Blasco Ibáñez llegará al mar, “es irrenunciable”

Alfonso Novo: “La división del tripartito pone en riesgo posibles inversiones en el cabanyalVista del barrio del Cabanyal de Valencia

No cabe otra idea para el equipo de Barberá: Blasco Ibáñez llegará hasta el mar a través del Cabanyal. Es un proyecto “irrenunciable”. Es la afirmación que ha sostenido la alcaldesa de Valencia este martes, saliendo al paso de las críticas y posturas contrarias que han continuado dándose esta semana de oposición y vecinos.

Aunque se trata de una lucha antigua, persiste viva por ambas partes, a favor y en contra de la prolongación. Un día después de que la plataforma Salvem y la asociación de vecinos de la zona informaran tras una reunión con el vicealcalde, Alfonso Grau, de que dan por zanjadas las posibilidades de diálogo con el Consistorio y que perseguían, Rita Barberá incide: “el proyecto de El Cabanyal es el aprobado en el Ayuntamiento”. Se trata del Plan Especial de Protección y Reforma Interior (Pepri) del Cabanyal-Canyamelar, y que, por tanto, “la prolongación es irrenunciable”.

Aprovechó la primera edil la presentación del Plan de Telefónica de despliegue de fibra óptica en la Comunitat para retomar la cuestión al ser preguntada por los medios, interesados por el envío de la propuesta al Ministerio de Cultura.

La Comisión Bilateral de Cooperación Administración General del Estado-Generalitat ratificó el acuerdo adoptado en octubre por el Consejo de Ministros, en el que decidió retirar el recurso de inconstitucionalidad presentado por el Ejecutivo central bajo mandato socialista contra el decreto-ley 1/2010 y la Ley 2/2010, que la Generalitat dictó tras la aprobación de la orden de Cultura que paralizó el Pepri y por tanto los derribos previstos en él.

Esta decisión se producía porque, a su vez, la administración autonómica se comprometía a derogar esa ley, con lo que quedaba en vigor la orden ministerial. Entonces, Generalitat y Ayuntamiento acordaron estudiar las fórmulas necesarias para adaptar el Pepri a esa orden garantizando la protección de los valores históricos del Cabanyal.

Barberá ha remarcado que el proyecto del PP ha pasado todos los trámites administrativos, por doce sentencias favorables, nueve del Tribunal Superior de Justicia de la Comunitat Valenciana (TSJCV) y tres del Tribunal Supremo (TS), y que, “en una extralimitación intolerable, el Gobierno anterior decidió suspender con una orden ministerial”.

Barberá sostiene que esa “orden ministerial es perfectamente modificable por una razón fundamental, si una ley aprobada en el Congreso fue modificada por decreto, la ley del Plan Hidrológico Nacional, fíjense ustedes si es posible o no modificar una orden ministerial”. En este sentido, dice, “la prueba es que cada vez que el Gobierno socialista ha llegado, ha cambiado la ley de educación por ejemplo.

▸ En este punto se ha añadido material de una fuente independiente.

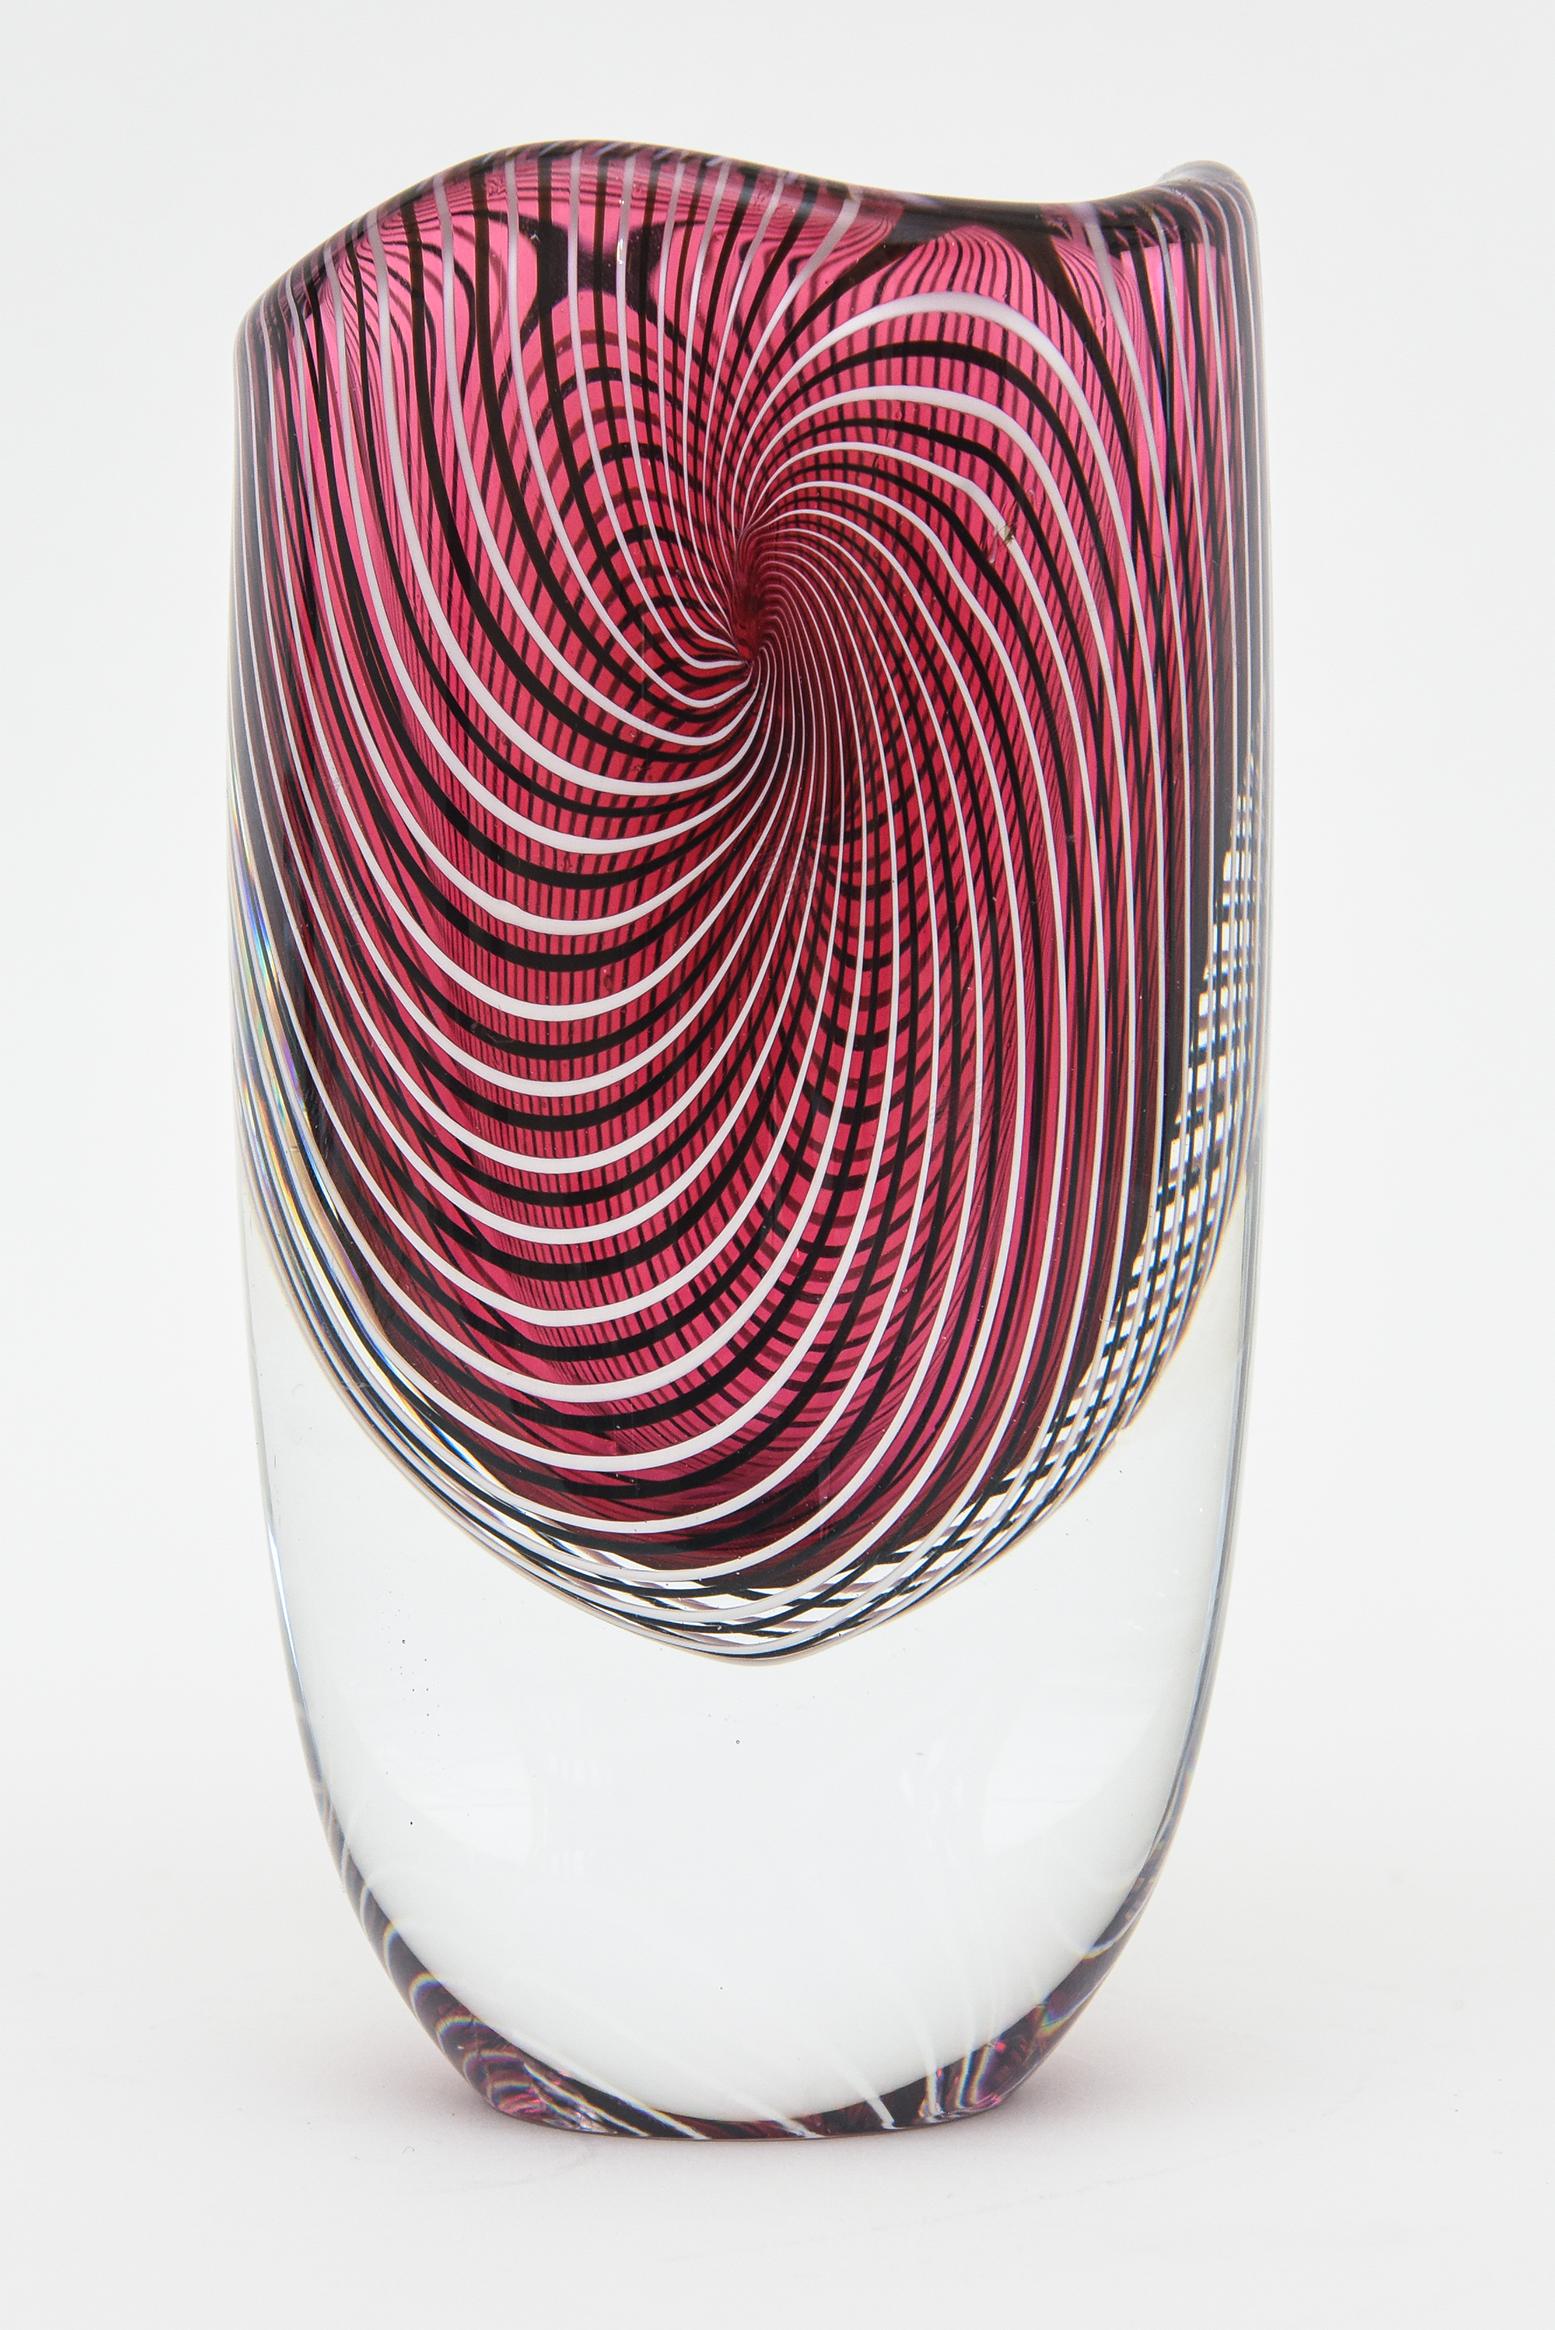 Diese faszinierend schöne Vintage-Vase aus Murano von Seguso Viro hat ein großes Gewicht und ist von einem spiralförmigen Muster aus durchgehenden Streifen umgeben. Das Oberteil hat einen leichten Wellenschliff.
Das originale Label ist intakt und

A ver si un gobierno tiene obligatoriamente que gobernar con alguna norma anterior, no”.

“Por lo tanto, lo que estamos trabajando es en modificar, dentro de la menor alteración posible, esa orden ministerial y se está trabajando con el mismo proyecto”, explicó la alcaldesa.

Por su parte, Joan Calabuig “ha lamentado” como portavoz socialista que  Barberá “mantenga su obstinación por mantener un plan que dos Gobiernos de distinto color político le han ordenado que abandone”. E indicó que el Consejo de Ministros del pasado 31 de octubre “abría un nuevo escenario al dejar claro que la orden ministerial cumplía todos los procedimientos y se enmarcaba dentro de las competencias del Estado, por lo que está plenamente vigente”.

En esta línea, ha pedido a la alcaldesa que “rectifique, deje de paralizar el barrio y hacer sufrir a los vecinos y vecinas. Tiene que acabarse ya la degradación del Cabanyal” y que el equipo de Gobierno “proceda inmediatamente a retirar la circular municipal que paraliza licencias”. Según Calabuig, la solución del barrio “llegará en 13 meses”, confiando en una victoria en las urnas del PSPV.

Por otro lado, el concejal de EU Amadeu Sanchis ha mostrado su “estupefacción ante el resultado de la reunión mantenida entre la Asociación de Vecinos del Cabanyal y la plataforma Salvem el Cabanyal”. Desde su formación, dijo, “entendemos que, precisamente después de tantos años de parálisis del barrio y de tanto polémica que ha derivado en una confrontación de posiciones, lo más razonables es comenzar a restañar heridas a través de un proceso en el que participen la totalidad de los actores implicados”.